You can see the shadow of the end of civilization in Vegas.

The best Vegas experience, I think, is to have no money. Or that was an experience I had as a college student. My friend gambled away all our money. It was so perfectly American--behind all the pretty casinos were horrifying ugly tacky, scary places and all the broke people talking about how they lost everything.

Saturday, February 7, 2009 | Unregistered Commenterozma

Ugh. I hate Vegas. The food can be good, but the casinos give me migraines and the dryness makes my nose bleed. It's an interesting anthropological study for a few days, though. Hope you both are enjoying it more than you are hating it.

Saturday, February 7, 2009 | Unregistered Commenterlizneust

fantastic post. your writing was so vivid and completely took me in. i haven't been to las vegas since i was 10 (seriously) but this post makes me want to go myself just to experience it too.

Sunday, February 8, 2009 | Unregistered Commenteringrid

It could not, IMO, BE much worse.

Sunday, February 8, 2009 | Unregistered Commenterblackbird

I can honestly say I have no desire to see Las Vegas. Thank you for the reminder.

Sunday, February 8, 2009 | Unregistered CommenterAmanda Nicole

I want to go just to immerse myself in the momentariness of Vegas at its best - after dark, when the shiny is bright and the worn dull edges of seediness and broken promises are hidden. I wanted to be a vegas show girl when I was 10-11-12 and something in me still wishes I could do that.

Sunday, February 8, 2009 | Unregistered Commenterdk

Now you understand why I avoid this sore in the desert AT ALL COST! It really is the worst this country has to offer and does not hesitate to attract what it projects!

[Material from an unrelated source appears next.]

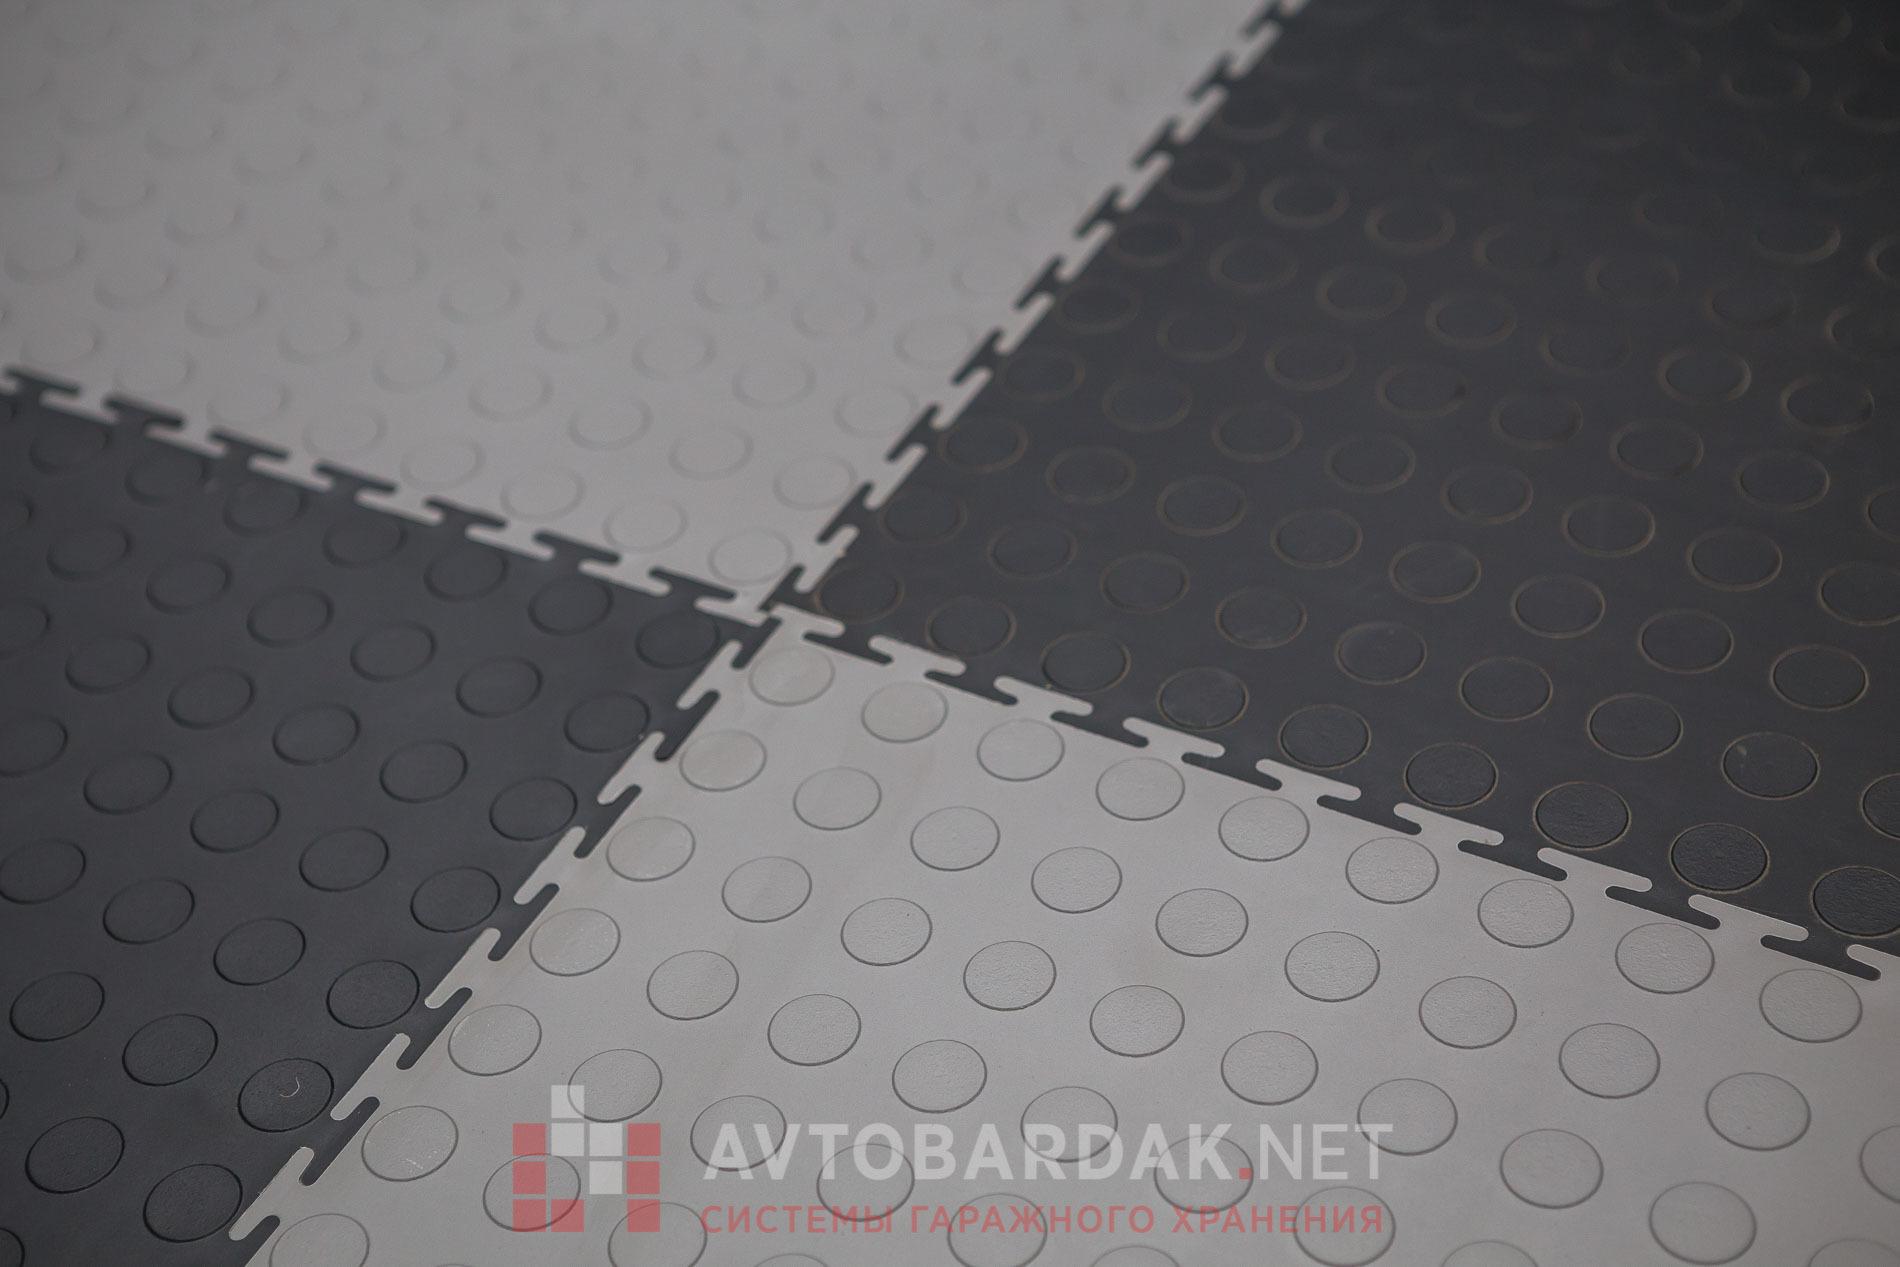 Плитка ПВХ 500х500 мм на пол  для гаража. Черная, толщина 7 мм.

Sunday, February 8, 2009 | Unregistered CommenterThatGirlRuns

Wonderful post! Great imagery! And I hate the place and all it stands for -- excess upon excess. Steven King did it right in "The Stand". It's culture has poisoned a once quaint and interesting local mining town, Blackhawk, CO, which was opened to limited stakes gambling in the early '90s. What a loss!

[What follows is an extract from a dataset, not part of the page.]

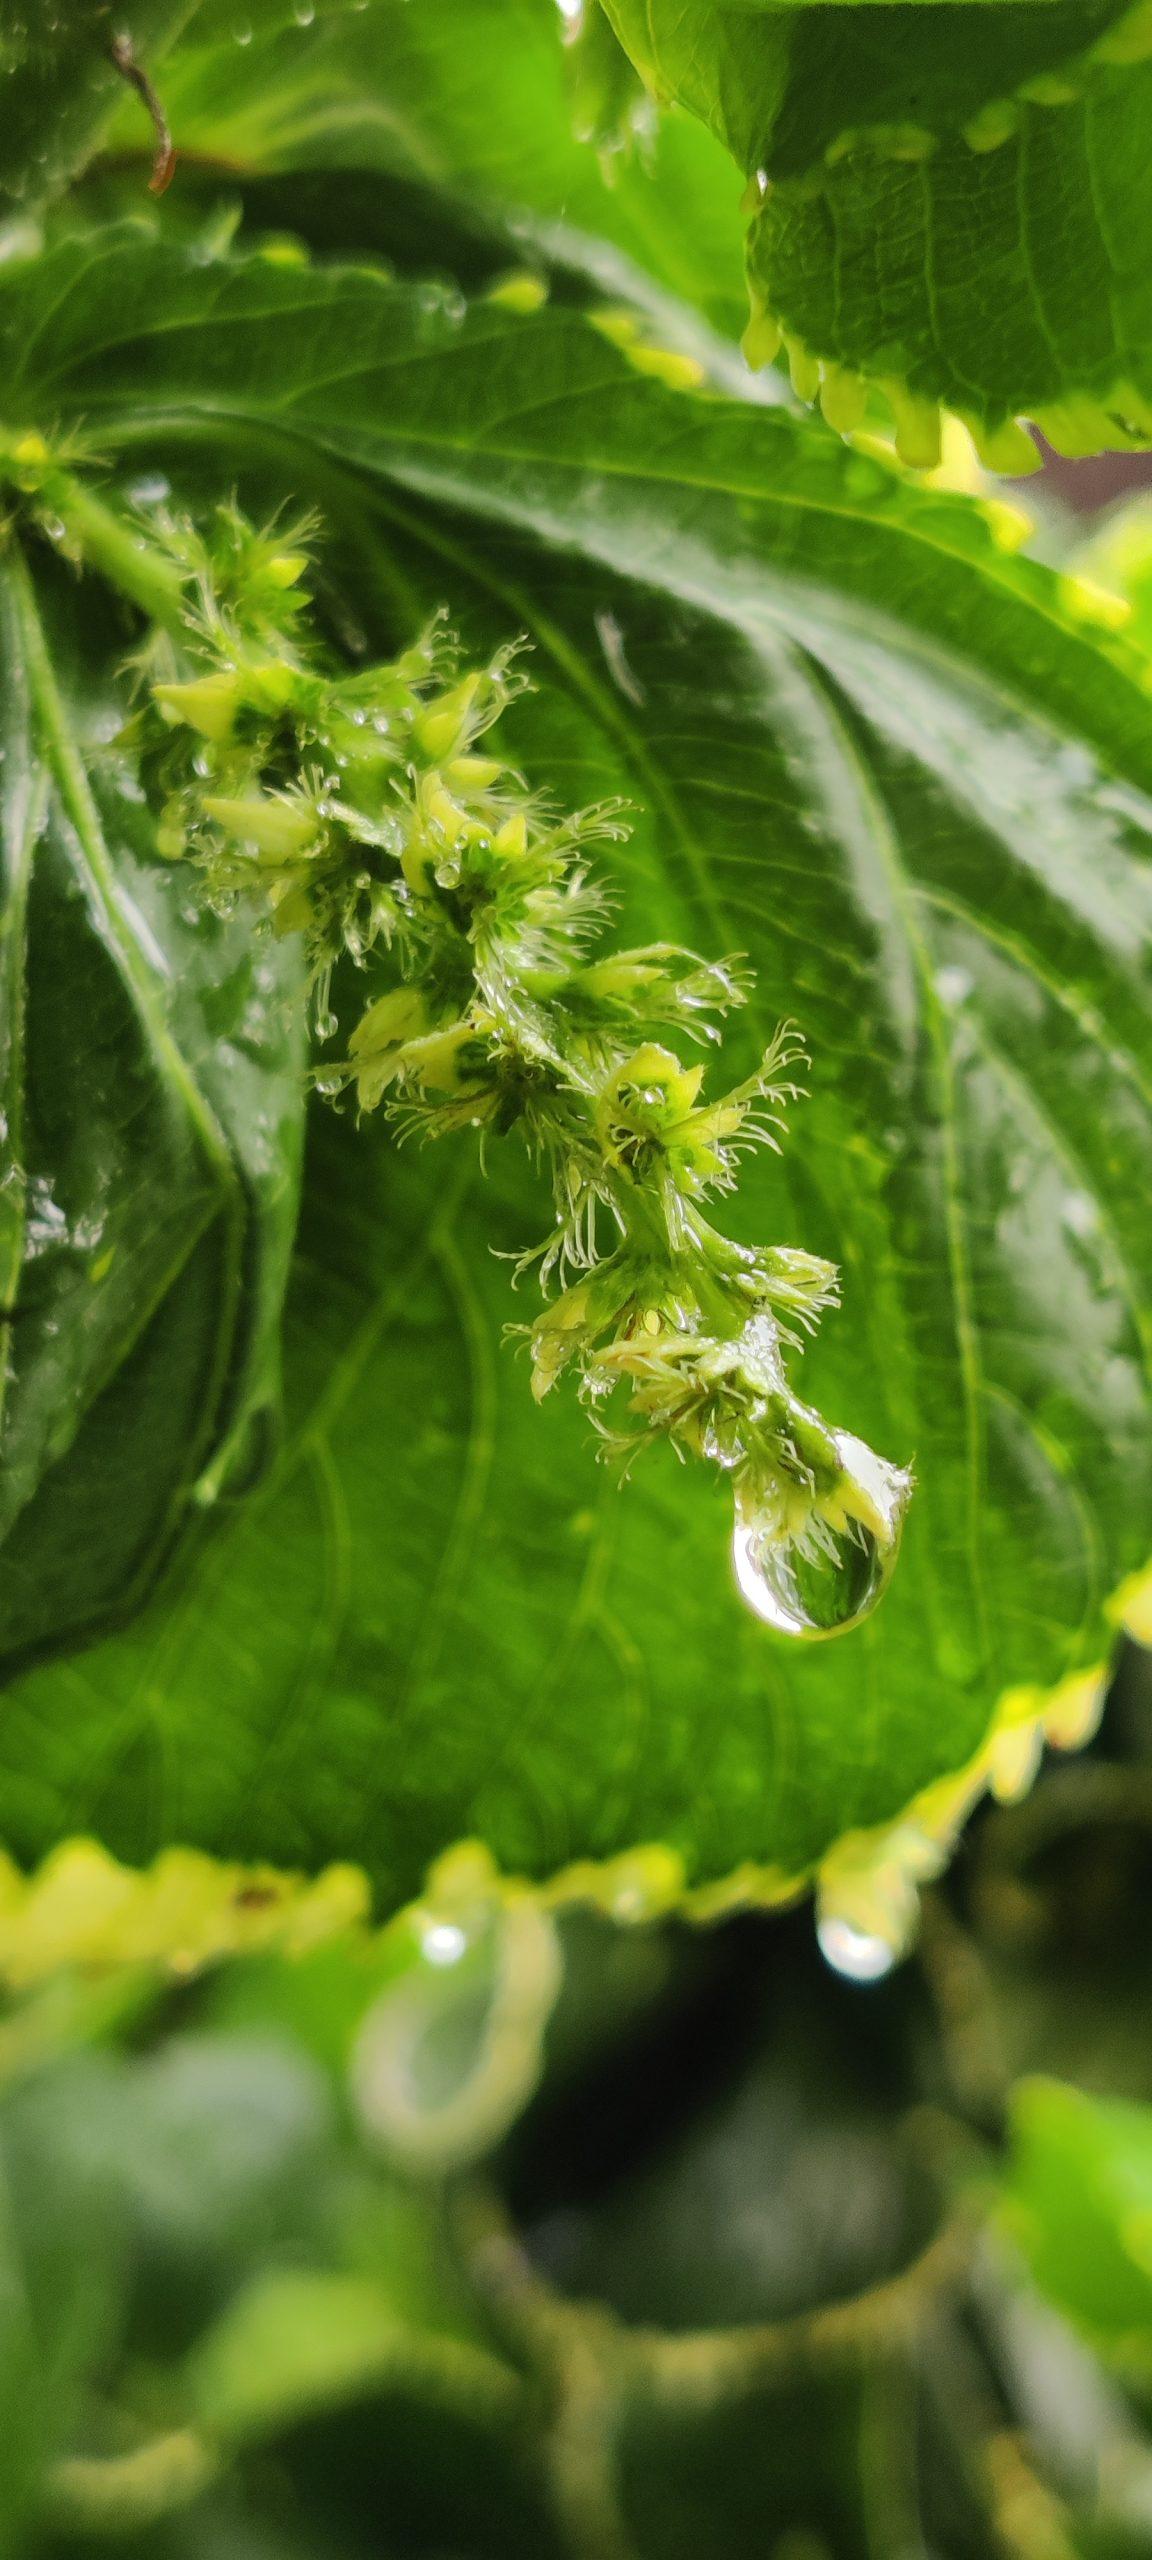 Water drop on a plant leaf

Sunday, February 8, 2009 | Unregistered CommenterCreekwalker

Damn. Damn! Your masthead...it just gets better and better.

I hope you are saving all these and will do a post on all of them at some point. You are like some kind of freaky masthead genius.

Monday, February 9, 2009 | Unregistered CommenterOzma

Sidewalk full to tit? This is why I will never go to Vegas. I can't stand the competition.

Tuesday, February 10, 2009 | Unregistered Commenterapathy lounge

I visited Vegas for the first time a year ago, and this is probably the best description of it I've read.

It's a place that perfectly juxtaposes glitx and glamour with the deepest, ugliest sadness that can be known.

Lovely writing.

Wednesday, February 11, 2009 | Unregistered CommenterAmy

What a scene you paint! I'd much rather read you describing it than go there myself. Unless to see the Cirque show - that might be worth it. Reminds me of the strangeness of Atlantic City except with tits on the sidewalk and more neon. And what Amy said.

Thursday, February 12, 2009 | Unregistered CommenterJoy!